» ACTIVITY: Output must consist only of the lines of the material below from the one with "Palazzo della Ragione" through the one with "secret lentil handmade canvas basket", each reproduced exactly; no pictures belong in it.

===== SUPPLIED MATERIAL

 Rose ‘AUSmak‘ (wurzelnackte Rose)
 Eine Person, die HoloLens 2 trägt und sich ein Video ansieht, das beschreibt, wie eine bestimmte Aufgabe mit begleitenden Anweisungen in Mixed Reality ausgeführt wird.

==========
===== SUPPLIED MATERIAL

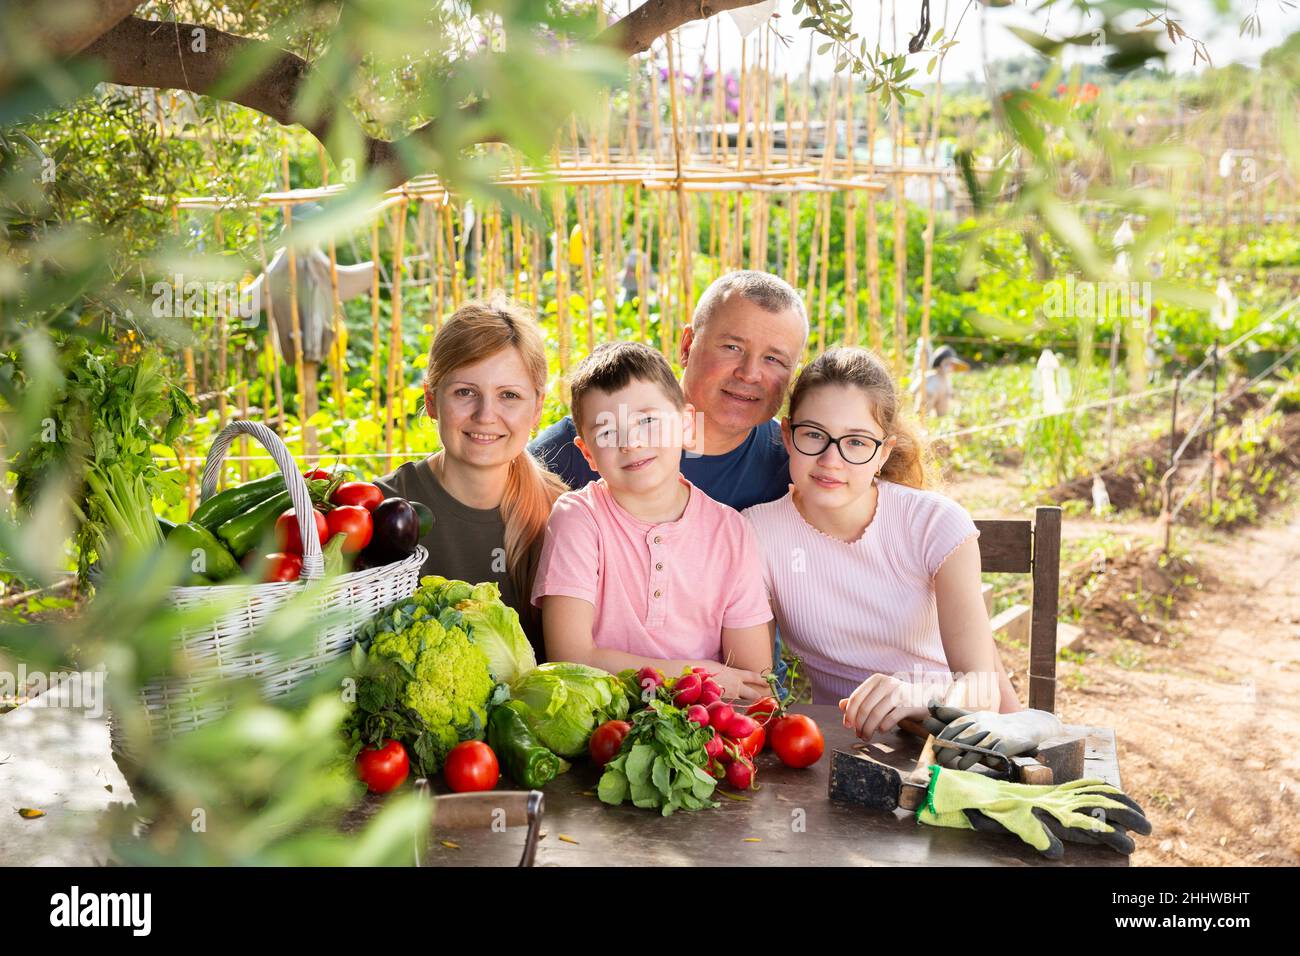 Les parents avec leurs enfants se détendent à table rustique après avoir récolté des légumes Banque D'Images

==========
===== SUPPLIED MATERIAL

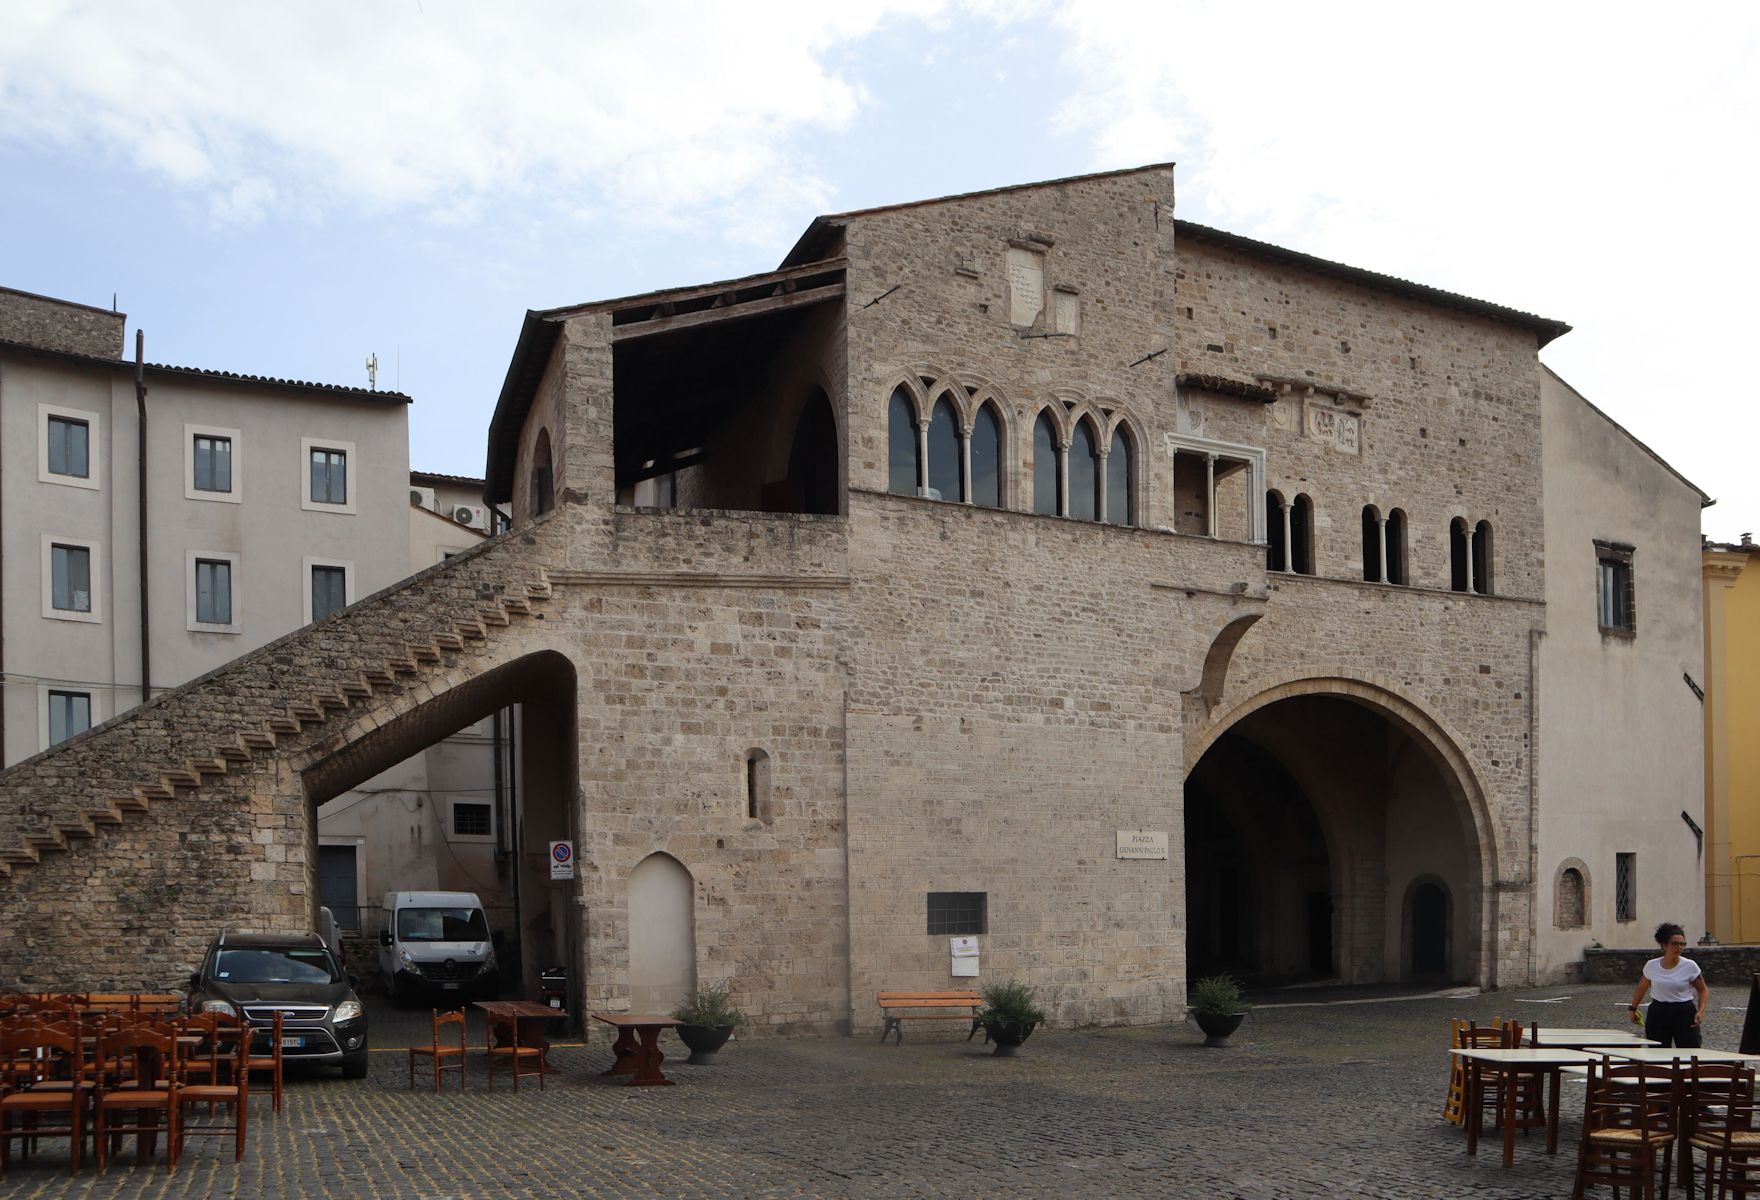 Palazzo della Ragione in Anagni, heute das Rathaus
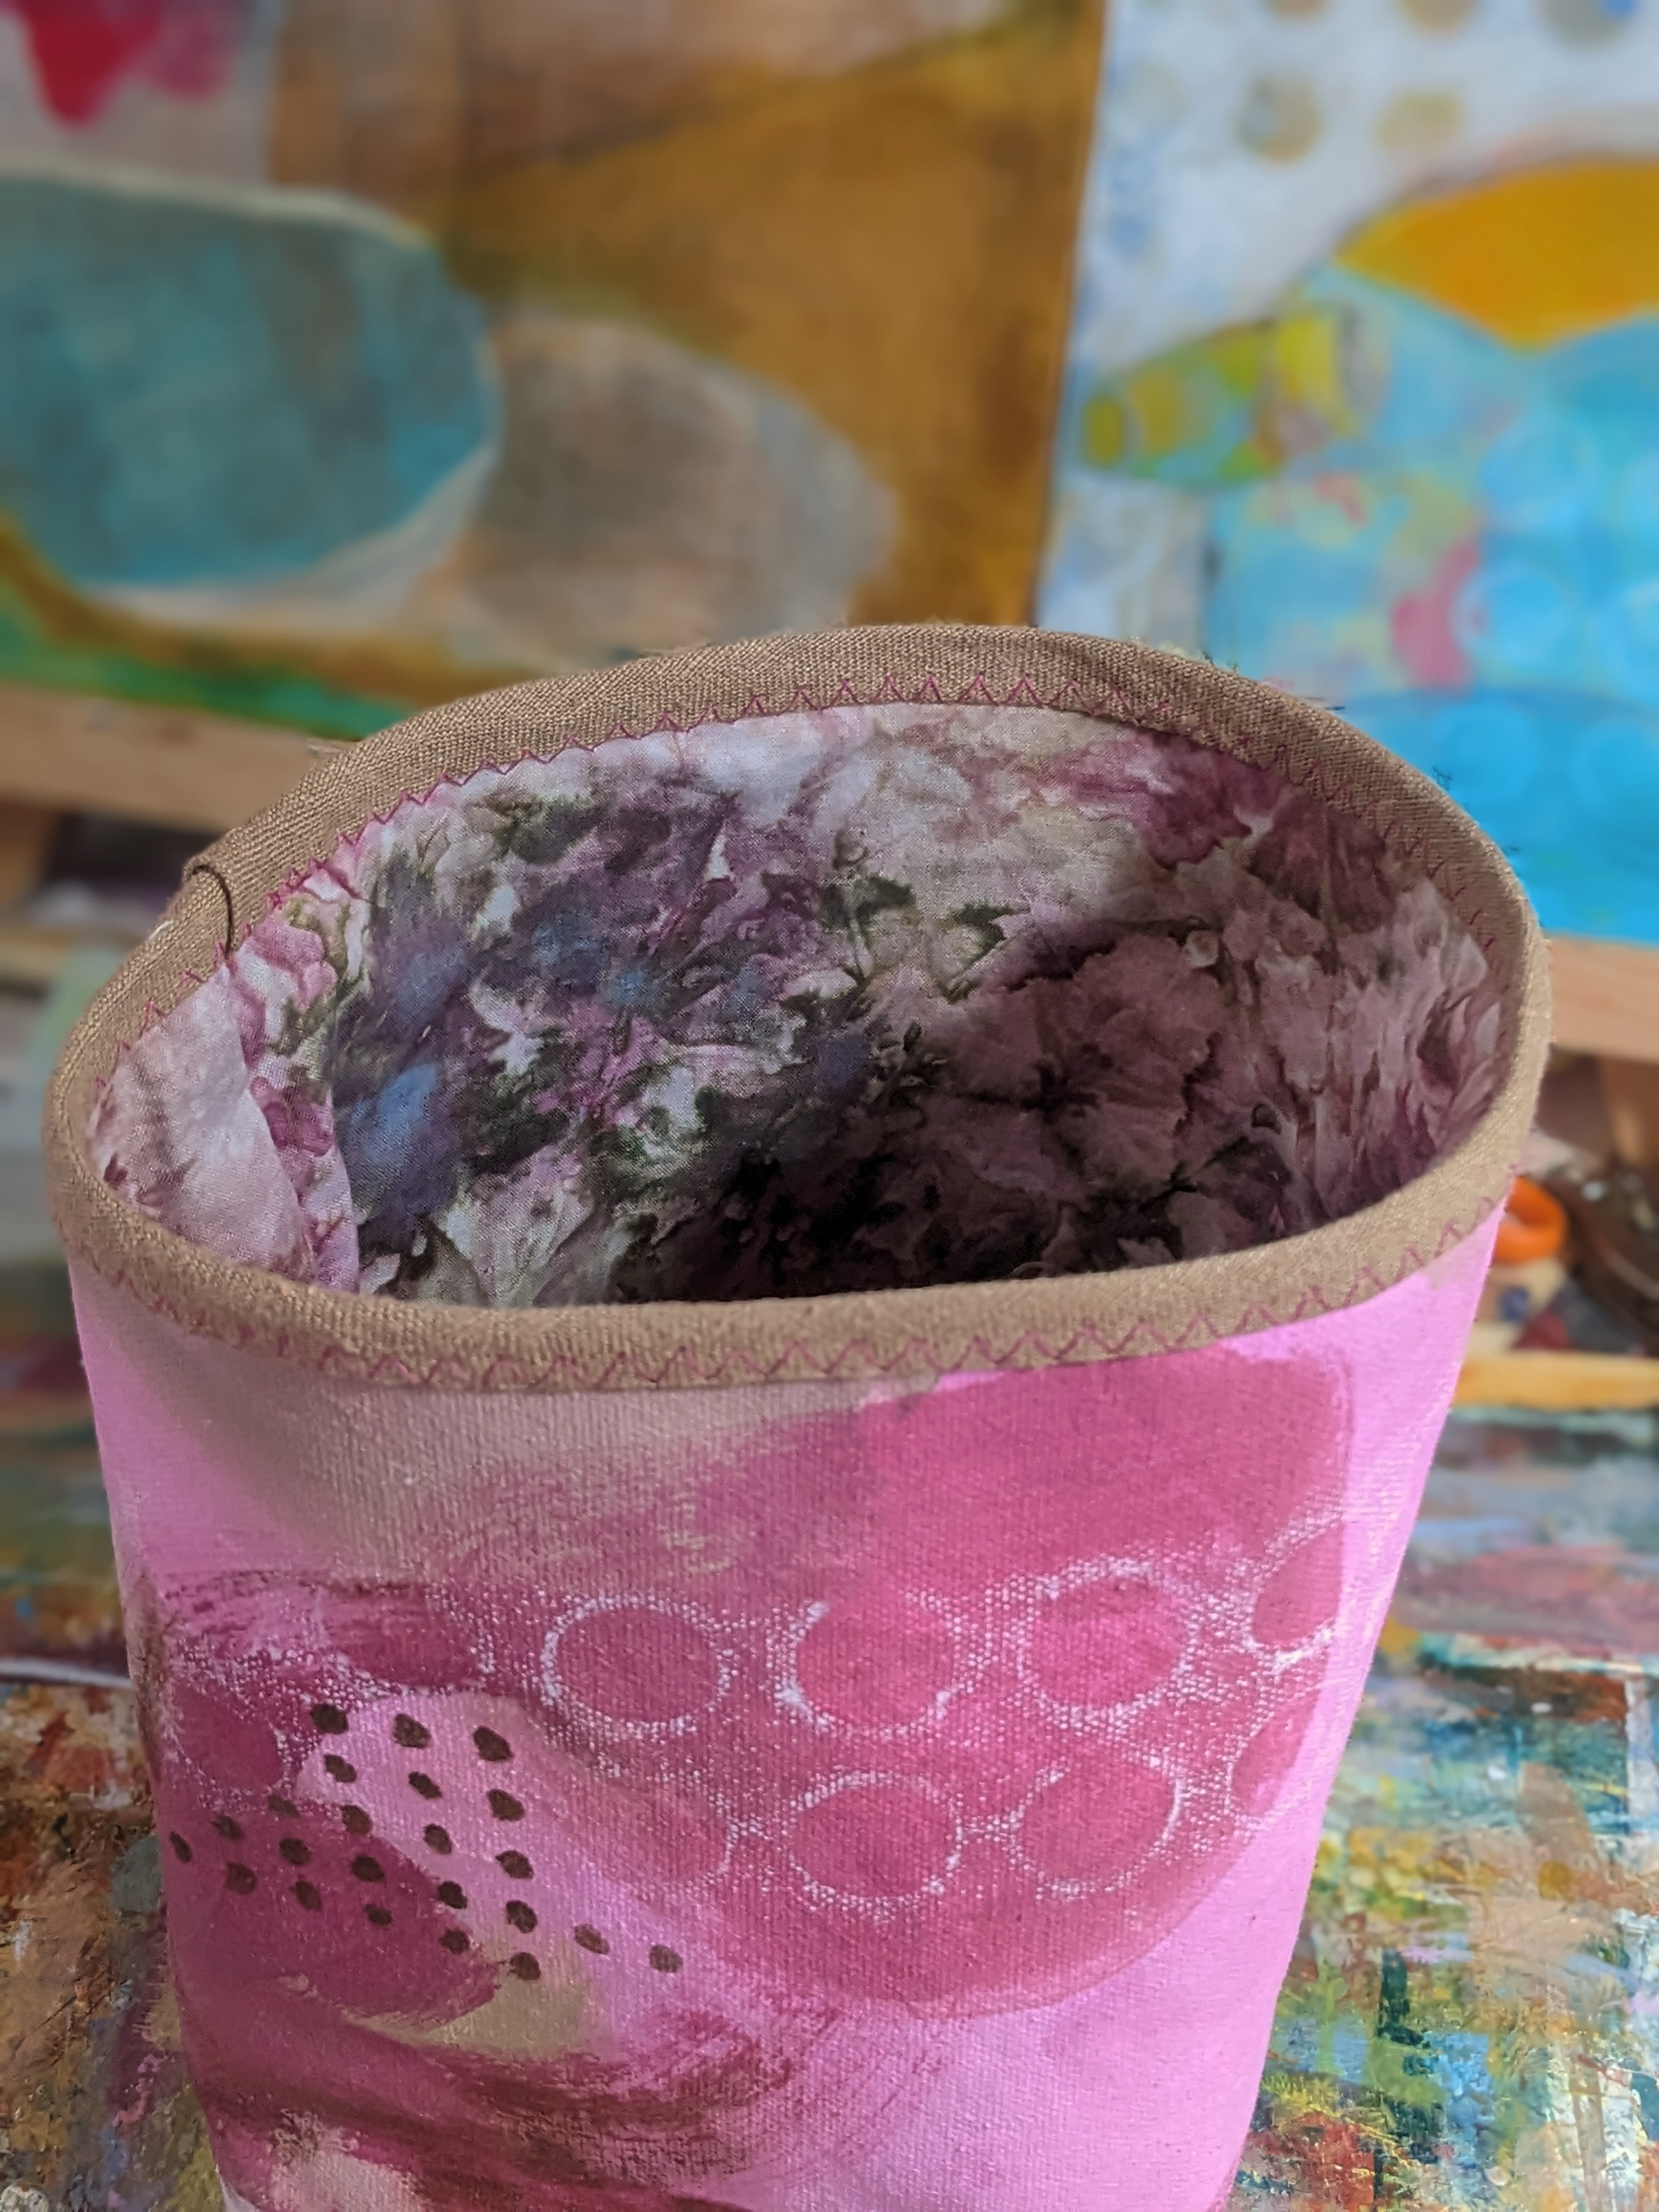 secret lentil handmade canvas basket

==========

» TASK RESPONSE:
 Palazzo della Ragione in Anagni, heute das Rathaus
 secret lentil handmade canvas basket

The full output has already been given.